#### PROBLEM DETAILS
A word-for-word retyping of the listing below is required, with the pictures dropped.
Segment Start: THE DATA
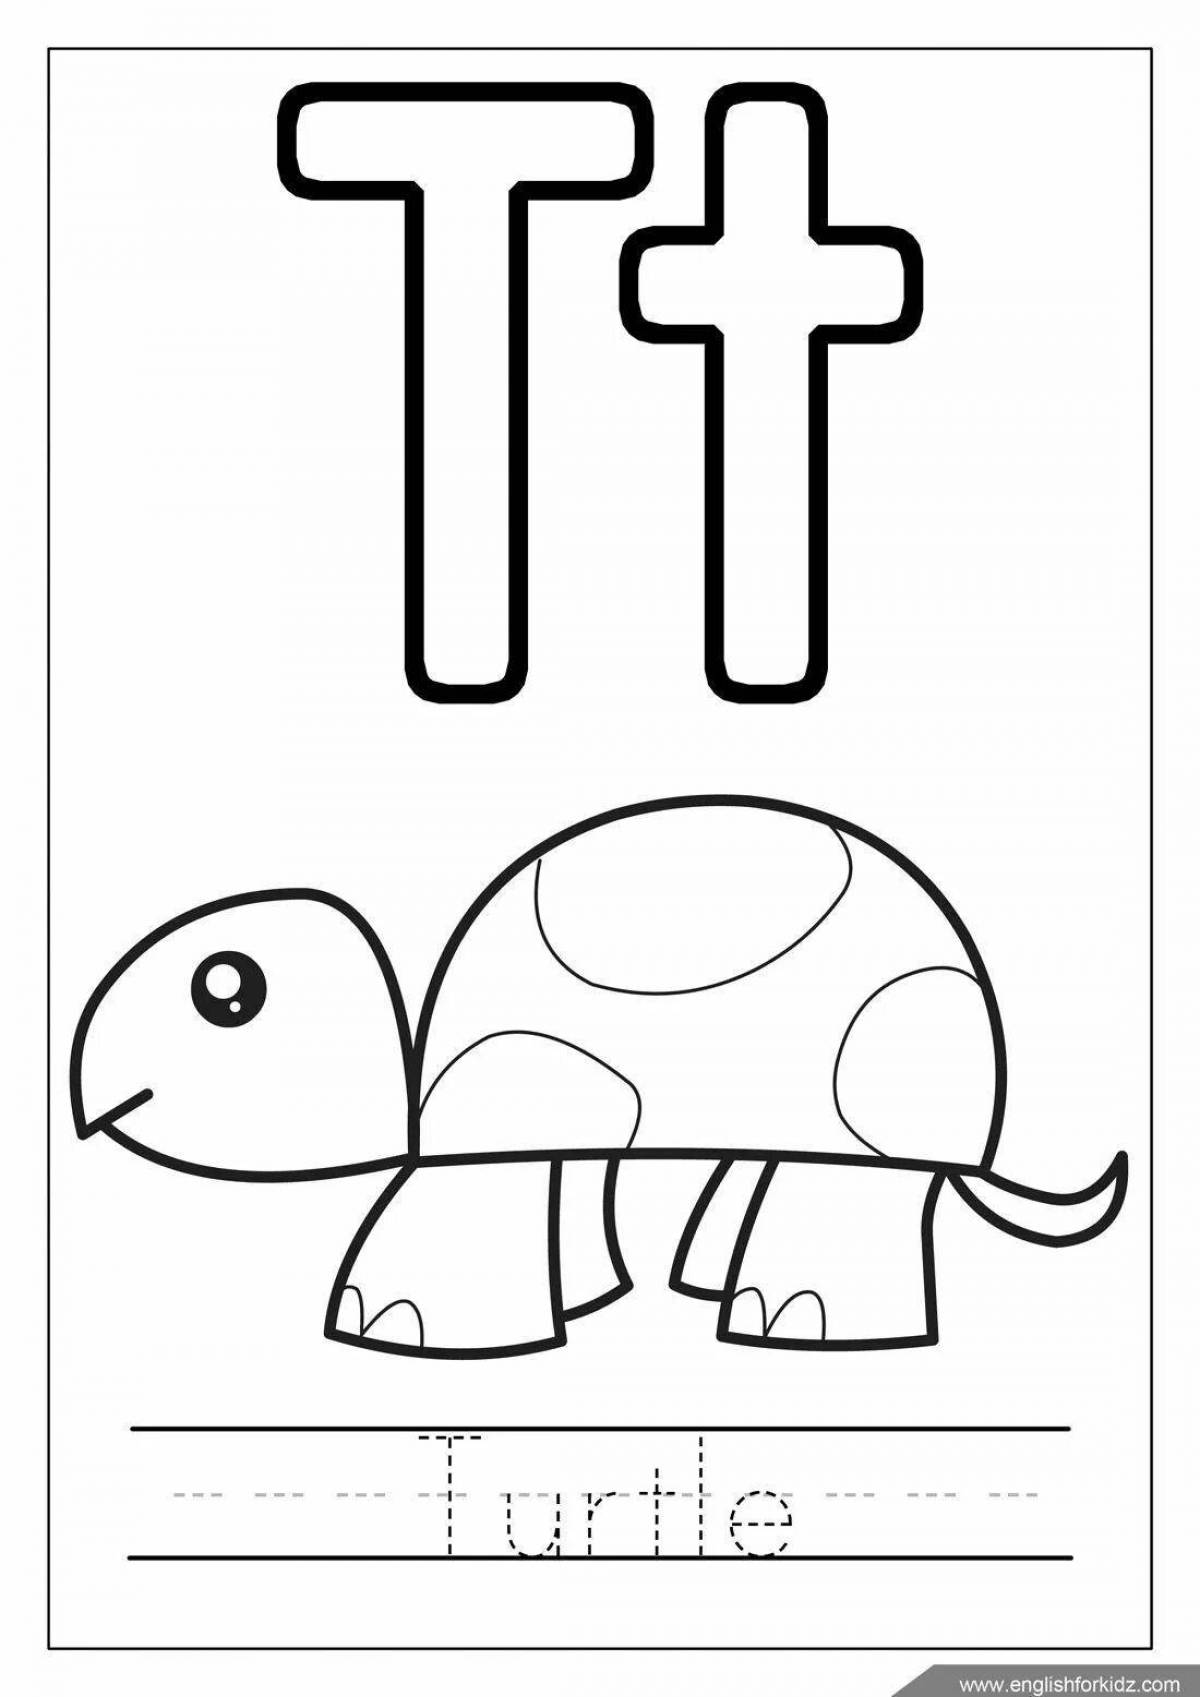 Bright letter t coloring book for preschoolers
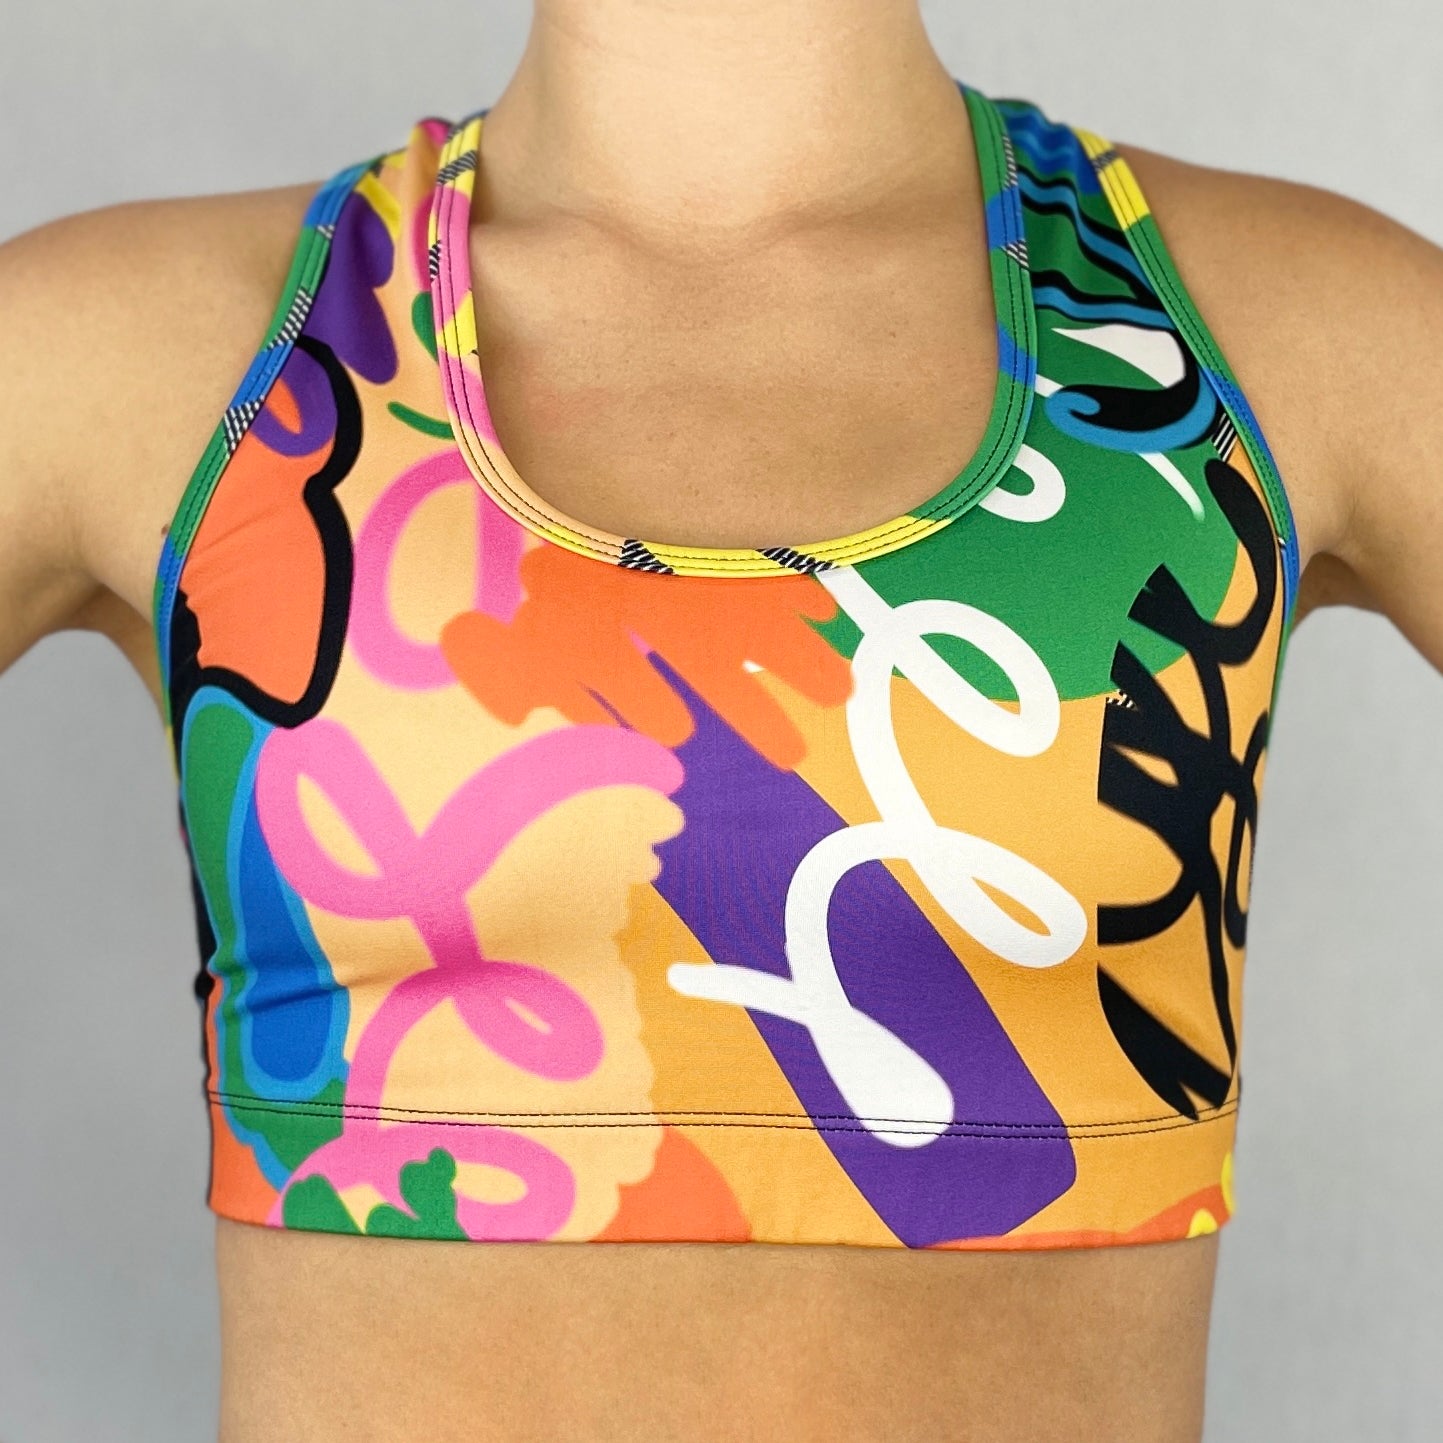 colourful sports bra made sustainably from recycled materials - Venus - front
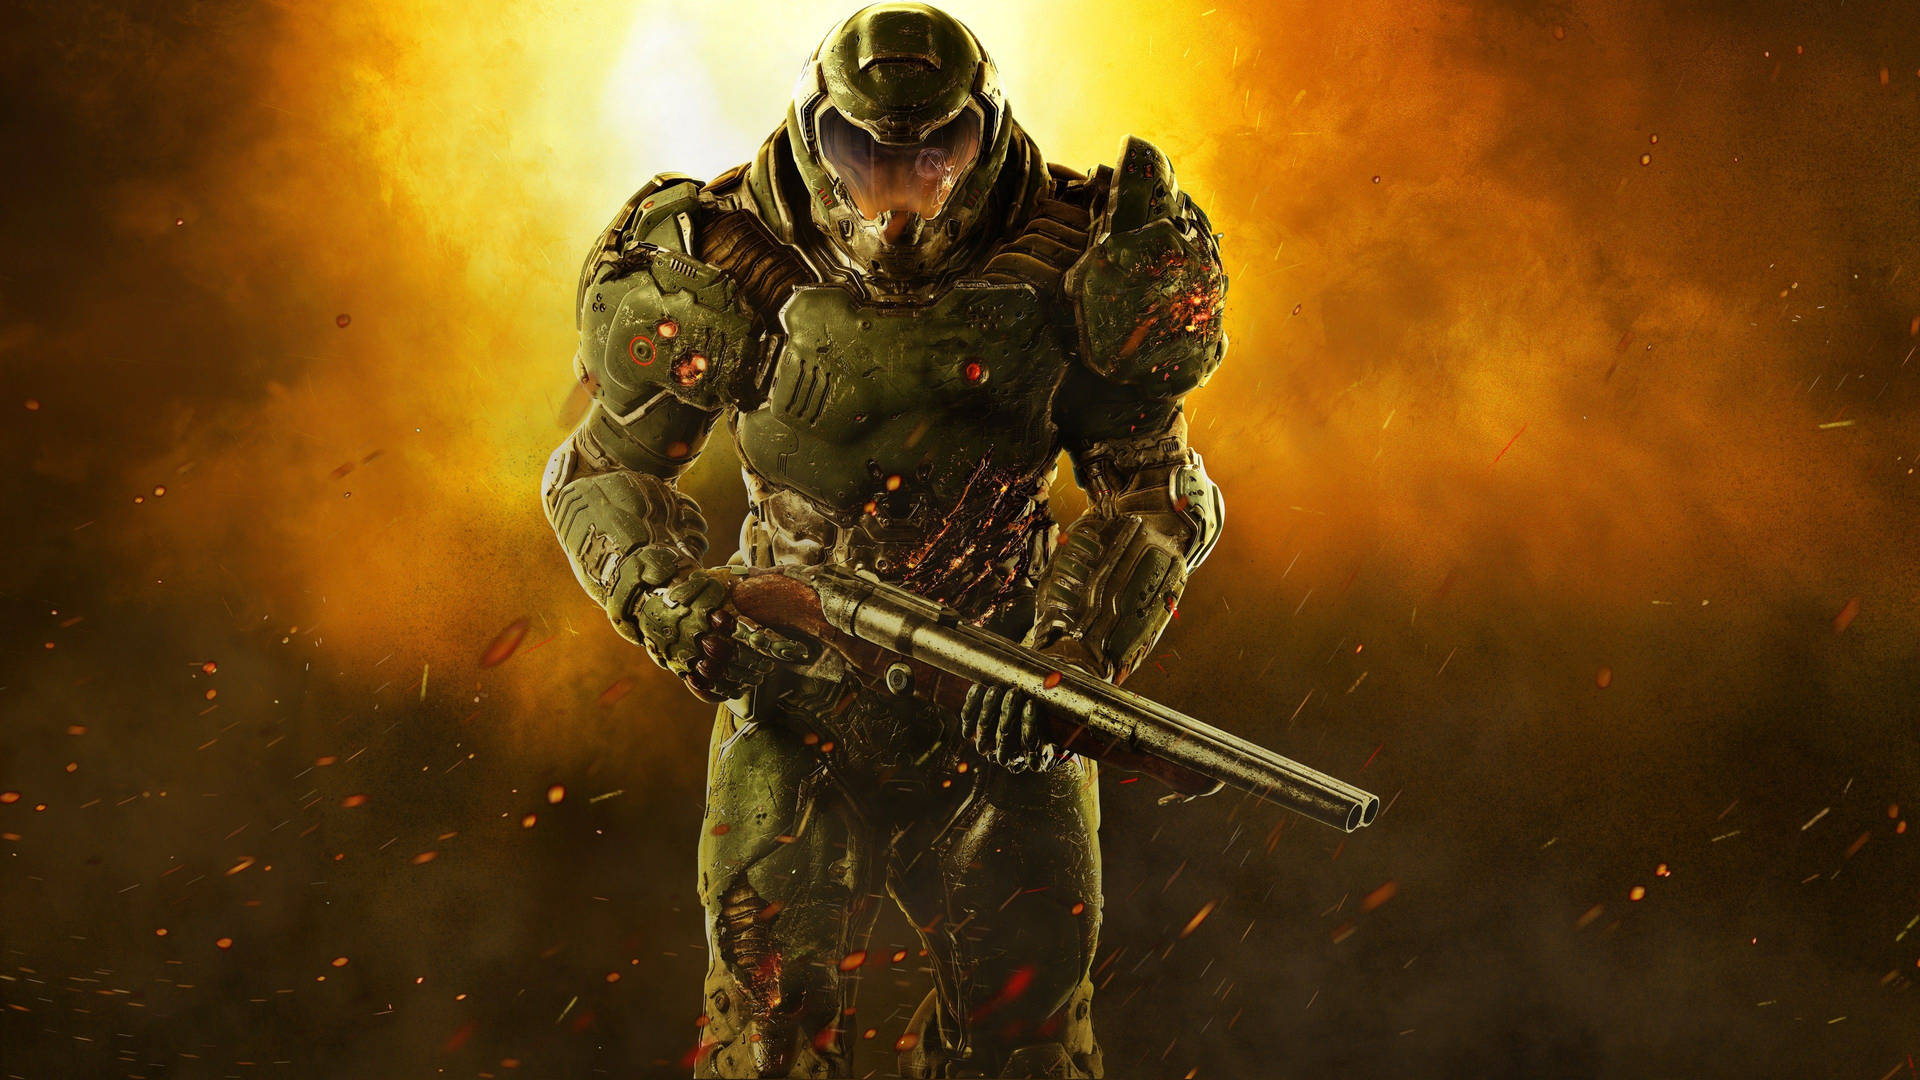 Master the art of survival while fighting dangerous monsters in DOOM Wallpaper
Segment End: THE DATA
#### EXERCISE OUTPUT
 Bright letter t coloring book for preschoolers
 colourful sports bra made sustainably from recycled materials - Venus - front
 Master the art of survival while fighting dangerous monsters in DOOM Wallpaper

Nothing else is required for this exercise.